As per him, the bottom line is that when ecosystems can talk to one another, adoption doesn’t just grow, it accelerates. Interoperability transforms fragmented markets into connected economies, multiplying the value of innovation at every link in the chain.

Products rooted in consumer behaviour

The most important lesson from APAC is that successful payment products aren’t really about payments; they’re about people. In China, WeChat Pay began as a feature in a messaging app and became the binding force of social interaction, commerce, and financial services.

When products are designed with the consumer at the centre, adoption follows.

What does this mean for the GCC?

It’s unlikely that the GCC’s payments story will mirror APAC’s, nor should it. The region’s uniquely international character matters: large expatriate populations make cross‑border payments and remittances central to everyday life, underscoring why low‑cost, instant cross‑border UX is mission‑critical.

Another nuance is the importance of Sharia alignment. Financial services here must be convenient and secure but also aligned with cultural and faith‑based values, which can inspire products that balance modern digital experiences with principles of ethical finance.

Structural changes are underway. Interoperability is moving from ambition to implementation: domestically via instant rails like UAE Aani, Saudi Sarie, Bahrain Fawri+, and Qatar Fawran, and regionally via platforms like AFAQ (GCC‑RTGS) and Buna that stitch together cross‑border payments. Coverage is still expanding, but the direction of travel is clear.

CEO Playbook: 6 moves for the next 12 months

1. Design for expat use‑cases: salary accounts, micro‑remittances, bill‑split, and cross‑border P2P by default, enable proxy IDs (mobile/ID/UEN) across products.

2. Lean into interoperability: prioritise AFAQ/Buna connectivity and treat banks/fintechs as distribution partners via open APIs and shared alias directories.

3. Embed finance where people already are: super‑apps, chat, mobility, and commerce touchpoints — measure friction minutes removed, not just transaction volumes.

4. Engineer for trust: instant confirmations, name/alias checks, transparent FX, and clear refund SLAs.

5. Offer faith‑aligned options by default (pricing, wallets, savings jars, fee structures), with clear labelling in‑app.

6. Publish reliability metrics: monthly uptime, median settlement time, success rate, and refund SLA. These trust signals drive adoption.
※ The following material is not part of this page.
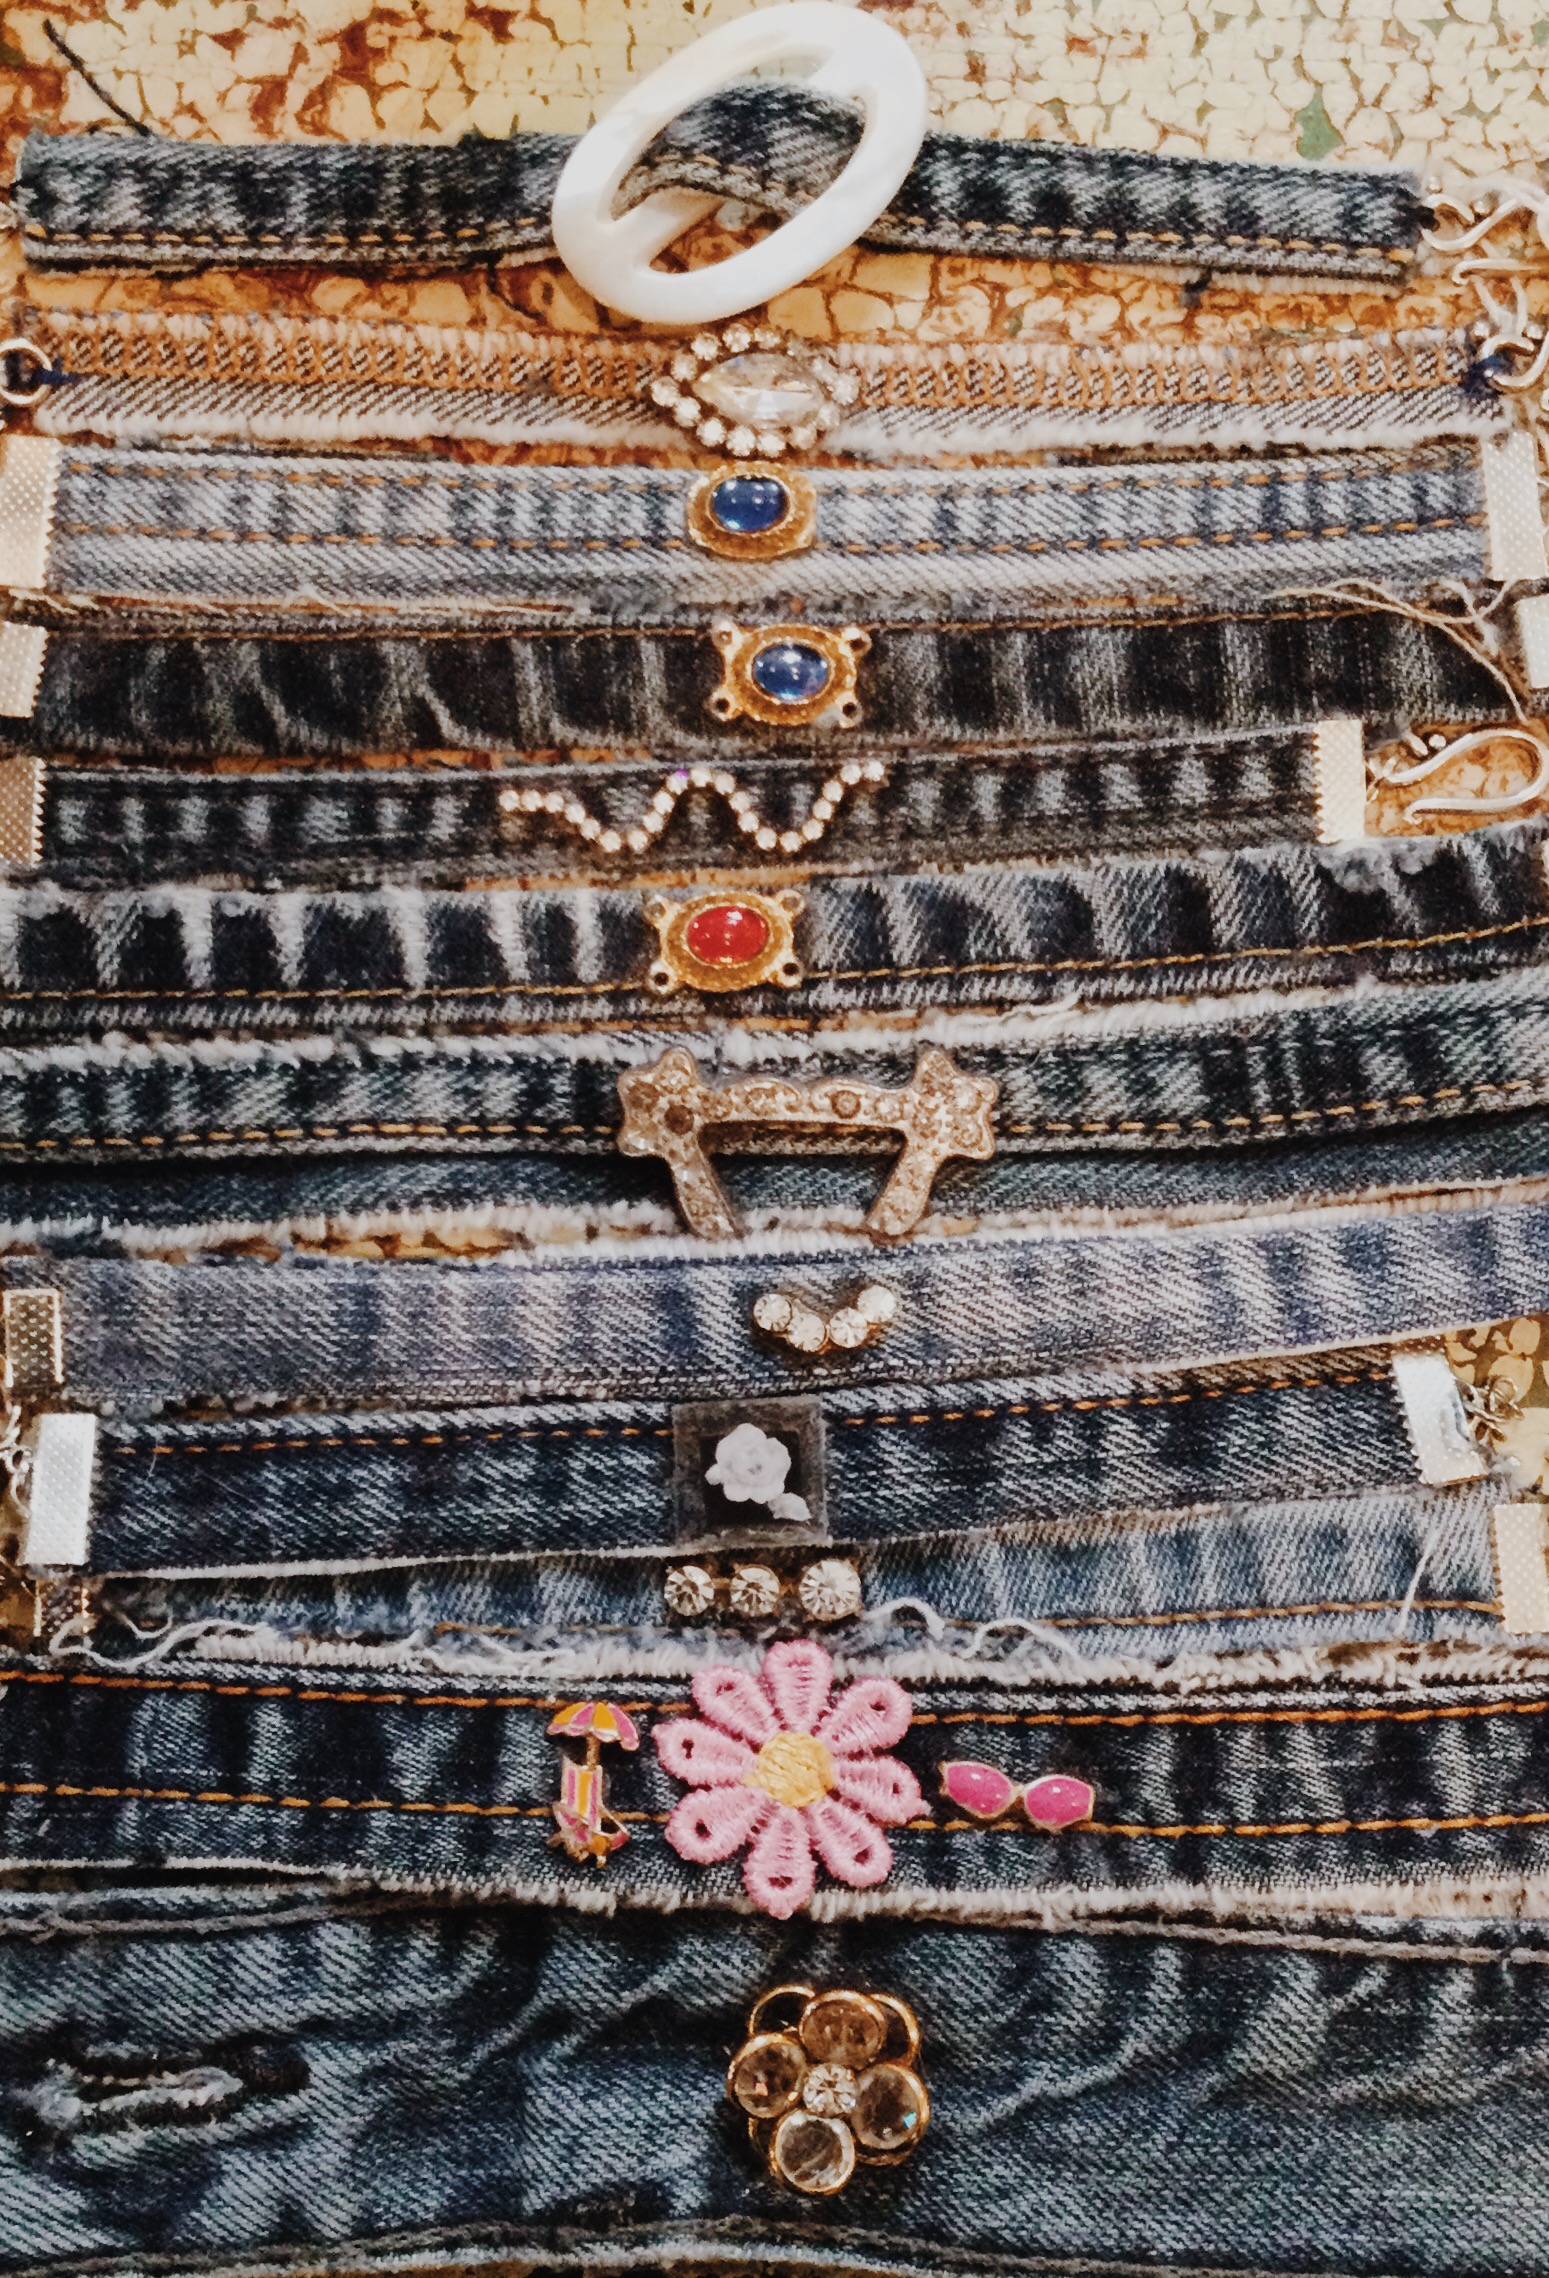 These blue jean Kelli Hawk Designs bracelets are adorable and one of a kind! Please select the number that matches your bracelet choice!

“The GCC already has the ingredients to shape a payments landscape every bit as dynamic as other leading regions. What will define the next chapter is how financial institutions, regulators, and innovators work together to create experiences centred on people, enabled by technology and informed by local life. If APAC’s story teaches us anything, it’s that payments can be more than a utility and when recognised as such, innovation accelerates,” he concluded.